Мой дом стал казаться мне очень далеким и безмерно милым, я впервые понял по-настоящему, как люблю свою комнату с трапецией и старым письменным столом, набитым рисунками, тетрадками, альбомами, инструментами, пистолетами, всякими поделками из дерева, коры, фанеры, проволоки, гербариями, источающими печальный запах засохшего лета. Как люблю я свой продавленный диван, и вольтеровское кресло с высокой спинкой и нежно стонущими пружинами, и лампу с шелковым фисташковым абажуром в полукруглых коричневых подпалинах. В носу подозрительно покалывало, а ведь я не успел еще подумать о маме и Вероне…
У меня застыли ноги. Я стал приплясывать, немного пробежался, не отдаляясь особенно от желтого круга света, в котором терпеливо маячило несколько иззябших фигур. Движение прибавило бодрости, я увеличил дистанцию пробежки и вдруг увидел трамвай, загадочно бесшумно и незаметно подкравшийся к остановке. Какой-то трамвай-призрак. Я едва успел вскочить на подножку, как он тронулся.

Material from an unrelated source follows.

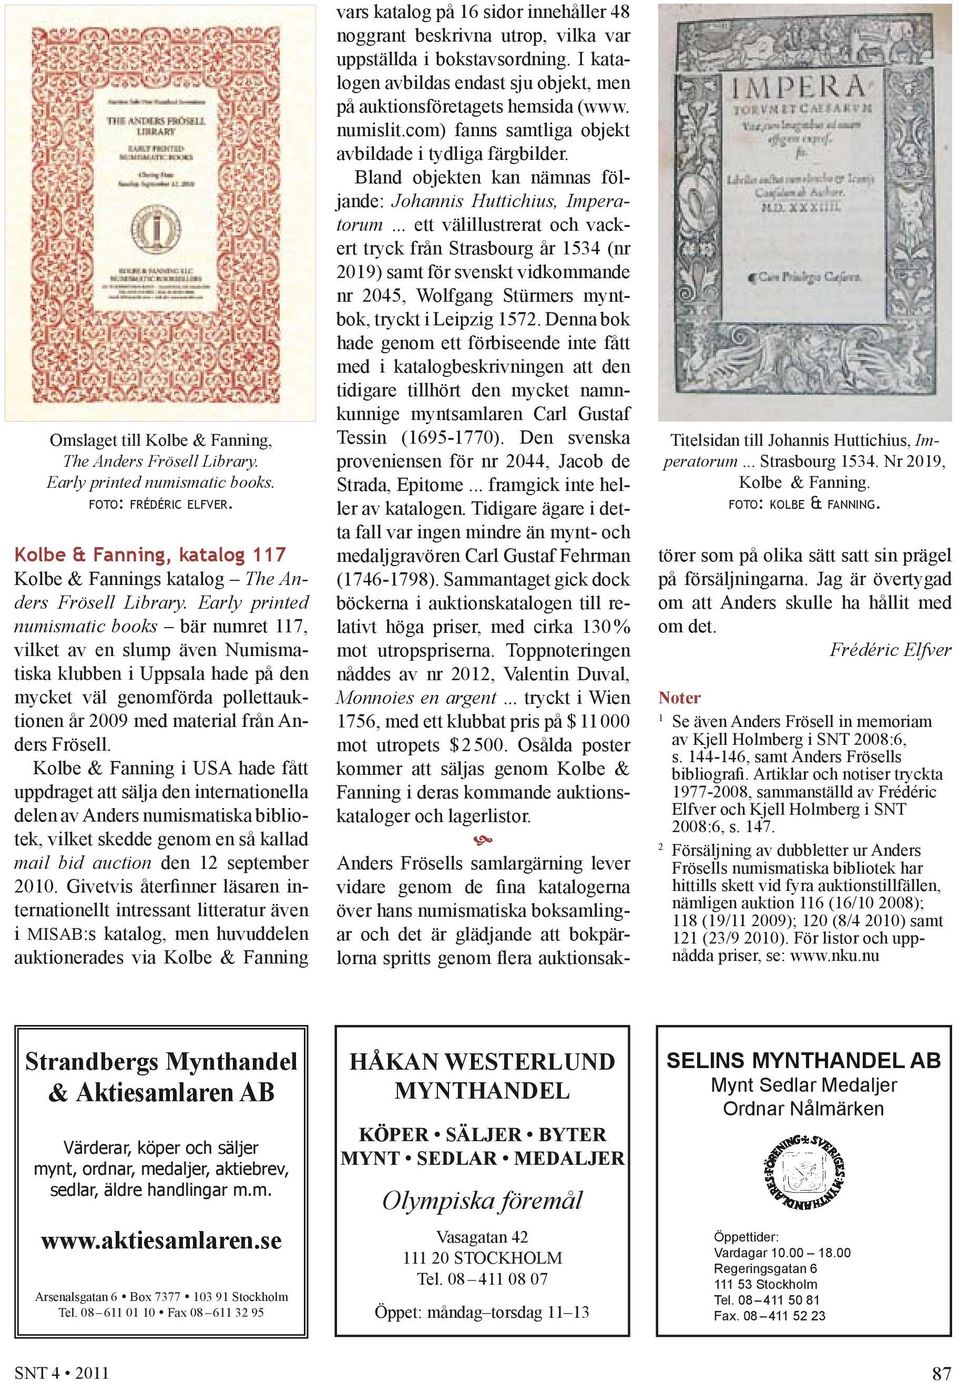 Kolbe & Fanning i USA hade fått uppdraget att sälja den internationella delen av Anders numismatiska bibliotek, vilket skedde genom en så kallad mail bid auction den 12 september 2010.

Хорошо, когда у человека есть гривенник. Кондукторша, чье лицо недобро озаботилось при моем появлении, мигом просветлела, увидев серебряную монетку в протянутой к ней руке. Она крепко вложила мне в ладонь билет, и я уселся по правую сторону от прохода, у окошка. Пустынный прицепной вагон сильно раскачивало, подкидывало на стрелках и стыках рельсов, и мои размышления вскоре стали под стать грезам. Я все время сознавал, что еду в трамвае, к себе домой, что очень поздно, и мои беспокоятся, и мама уже звонила в милицию и в морг. Пребывая внутри этой вполне бытовой тревоги, я одновременно находился в странно преображенных событиях минувшего дня. Я был в комнате для малолетних, и Рубинов обходился со мной как с несмышленышем. Он предлагал мне на выбор: пускать мыльные пузыри или сводить переводные картинки. Мне хотелось объяснить ему, что это недоразумение, я сам без пяти минут пионер, но что-то мешало мне. Видимо, слишком резкий толчок выбивал меня в явь, а затем опять Рубинов лез с мыльными пузырями и переводными картинками, и я опять не успевал объясниться с ним.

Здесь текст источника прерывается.